The town's lore comes from the Plaza and from the Valley. Residents will point you to the precise corner of the Plaza where Todd painted the flag the night before the raising — a back room of the Sonoma Barracks. They'll tell you about the morning Vallejo, in full dress uniform, offered the Bear Flaggers his own brandy while waiting to be taken to Sutter's Fort. About Buena Vista's 1857 vines and the rootstock Haraszthy brought back from Europe that started a wine industry. About Jack London writing The Valley of the Moon at Beauty Ranch in Glen Ellen up the road, and dying there in 1916 with the manuscript of a Sonoma novel on the desk. Coast Miwok, Pomo, and Wappo families lived in the Valley for thousands of years; the 1838 smallpox epidemic that swept through the Sonoma Valley remains the heaviest layer of that long history.
Walk Sonoma Plaza today and the town is still organized around it: the adobe ring on every side, Mission Solano on the northeast corner, the Sonoma Barracks beside it, the Toscano Hotel and Swiss Hotel along the north edge, the Sonoma Hotel of 1880 to the west, the Bear Flag Monument standing on the northeast lawn where Todd's flag went up. The Plaza is a National Historic Landmark district. Beyond it the Sonoma Valley AVA runs north toward Glen Ellen and the Mayacamas; the Sonoma Coast lies forty miles west on the Pacific. Where California began — and where the flag was born.

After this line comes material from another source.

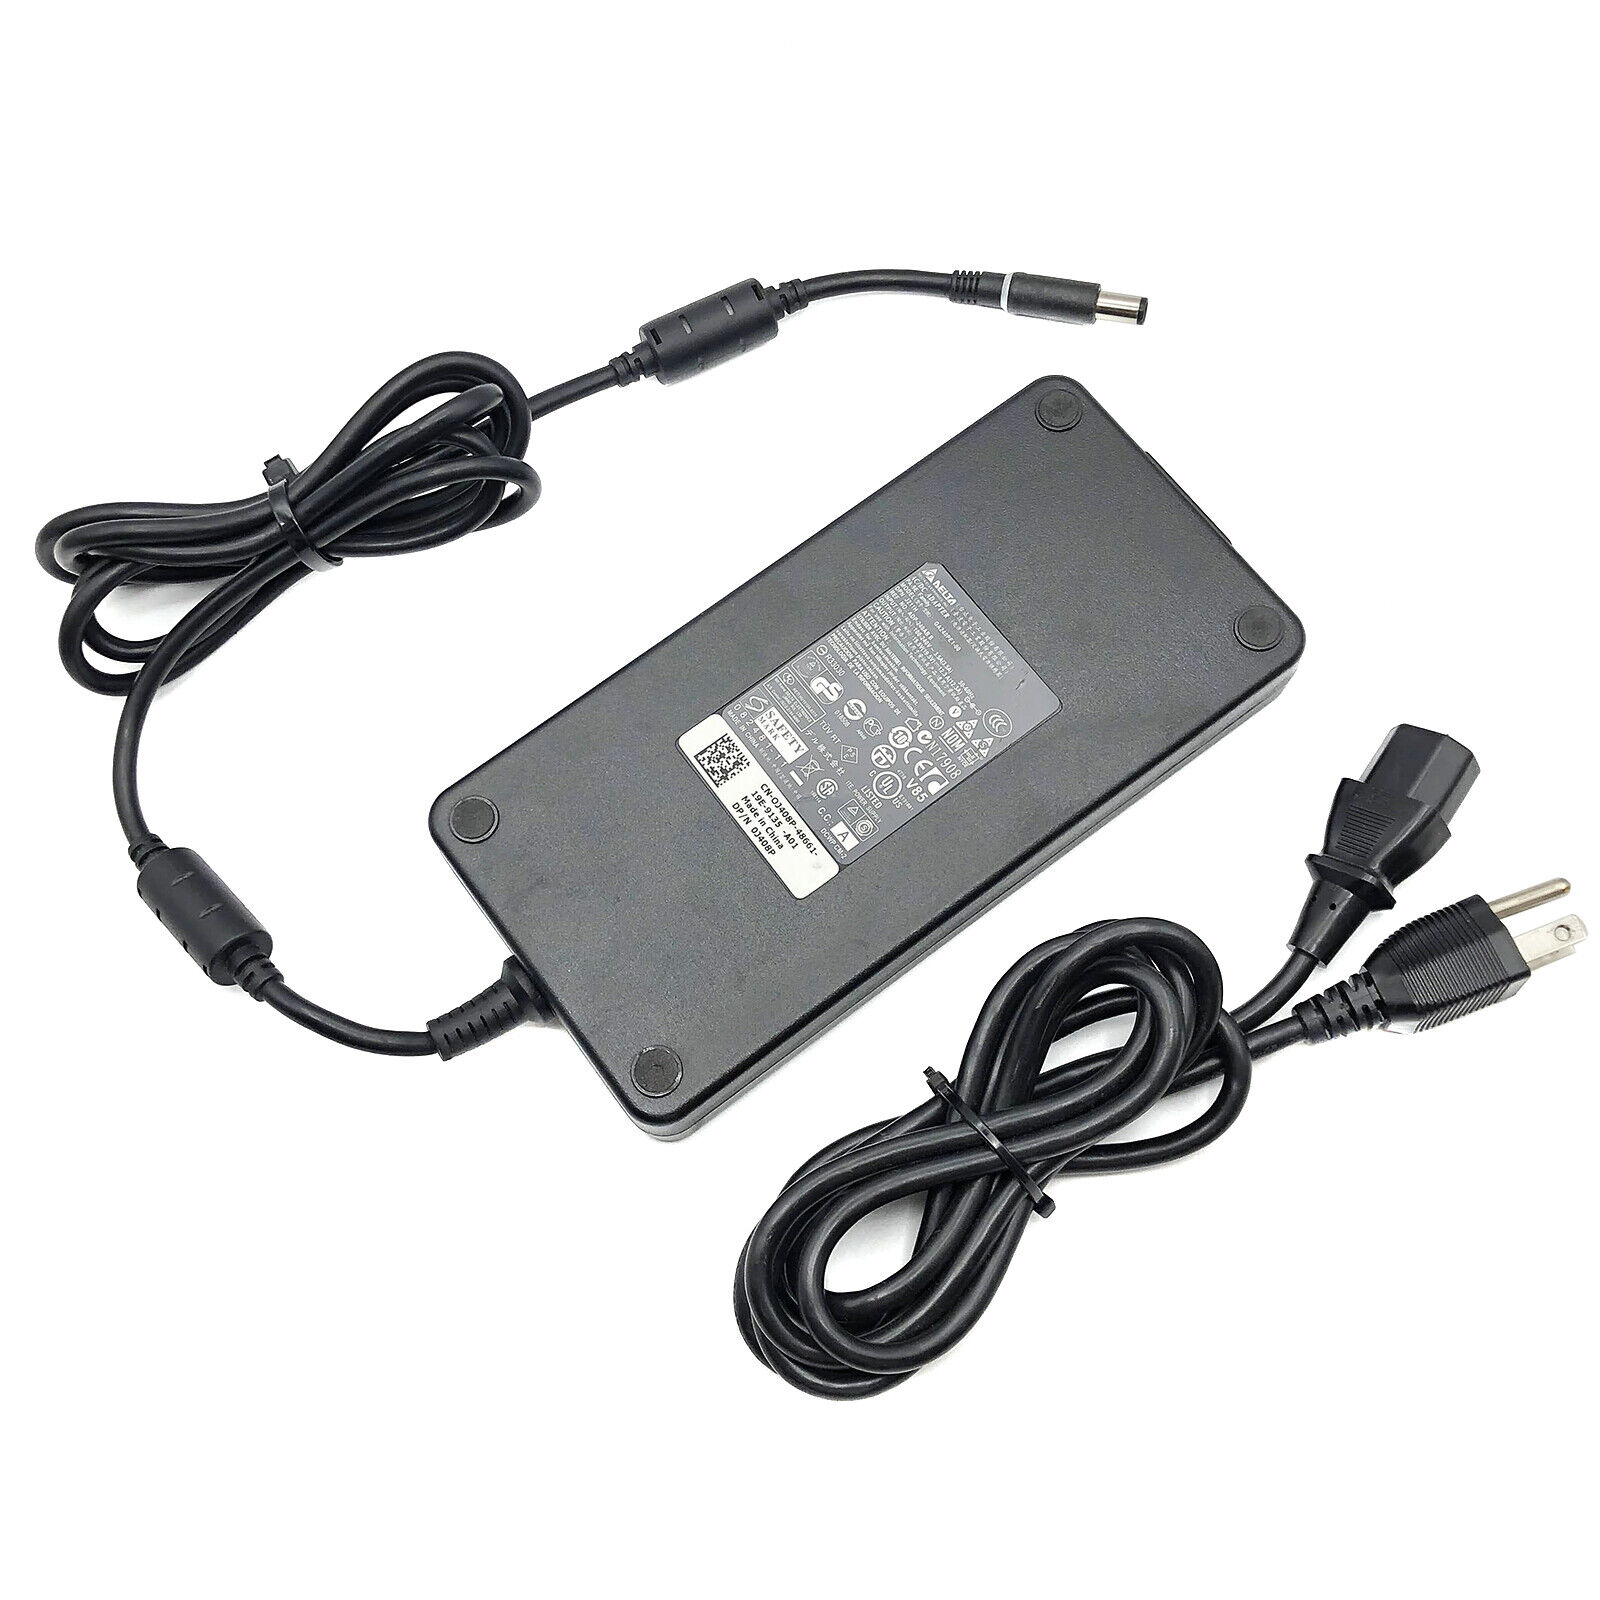 Original Delta AC Power Adapter ADP-240AB B J211H 240W Dell Laptop Charger w/PC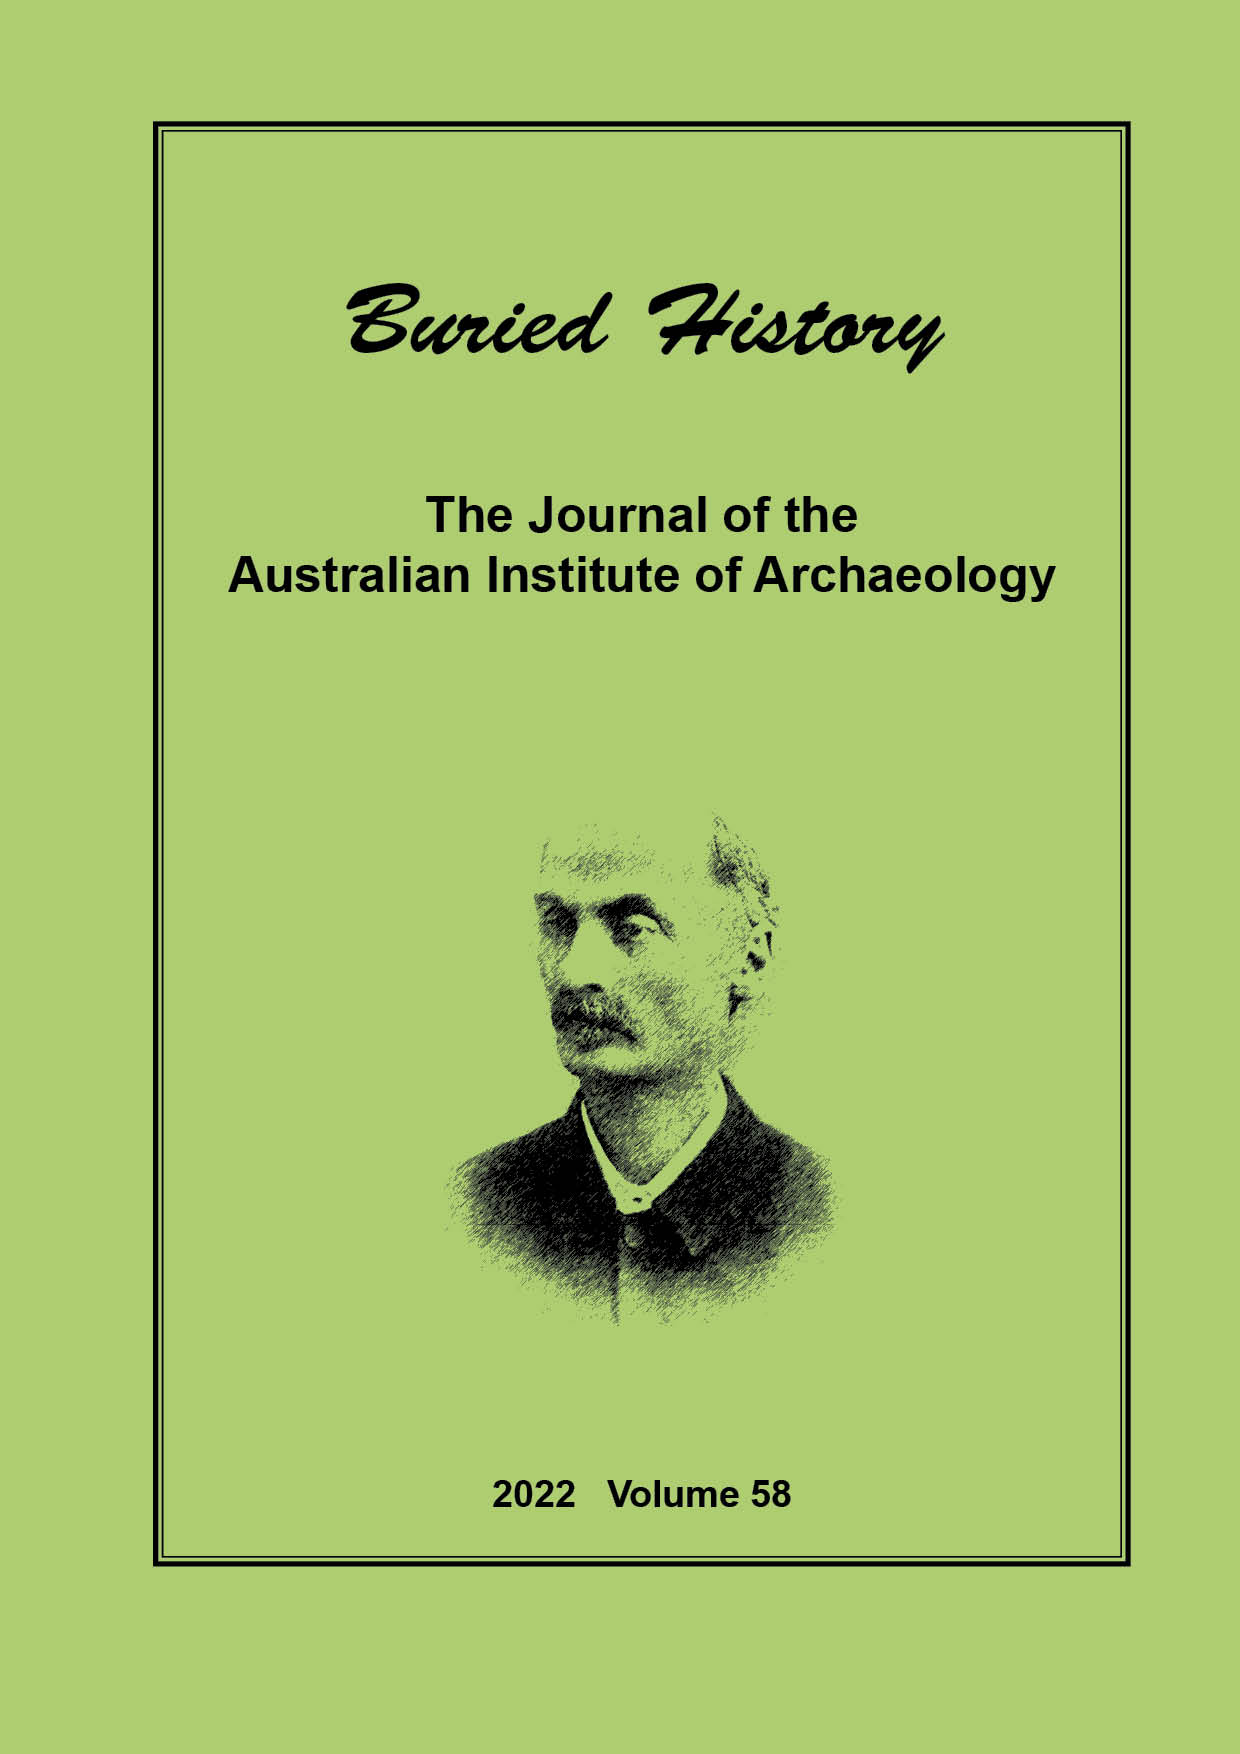 Cover image of Buried History vol. 58 (2022), depicting unnamed older man with moustache

Why People Visit Sonoma California
Sonoma is the rare California town where the state's earliest chapters are still standing on the same square. Visitors come for the Plaza — the largest town plaza in California — and the adobes that ring it. They come for the Bear Flag Monument and the story of the 25-day California Republic. They come for Mission San Francisco Solano, the last of the California missions. They come for Buena Vista and the Sonoma Valley AVA, where California's premium wine country began. And they come because Sonoma is, in the most literal way, where California started.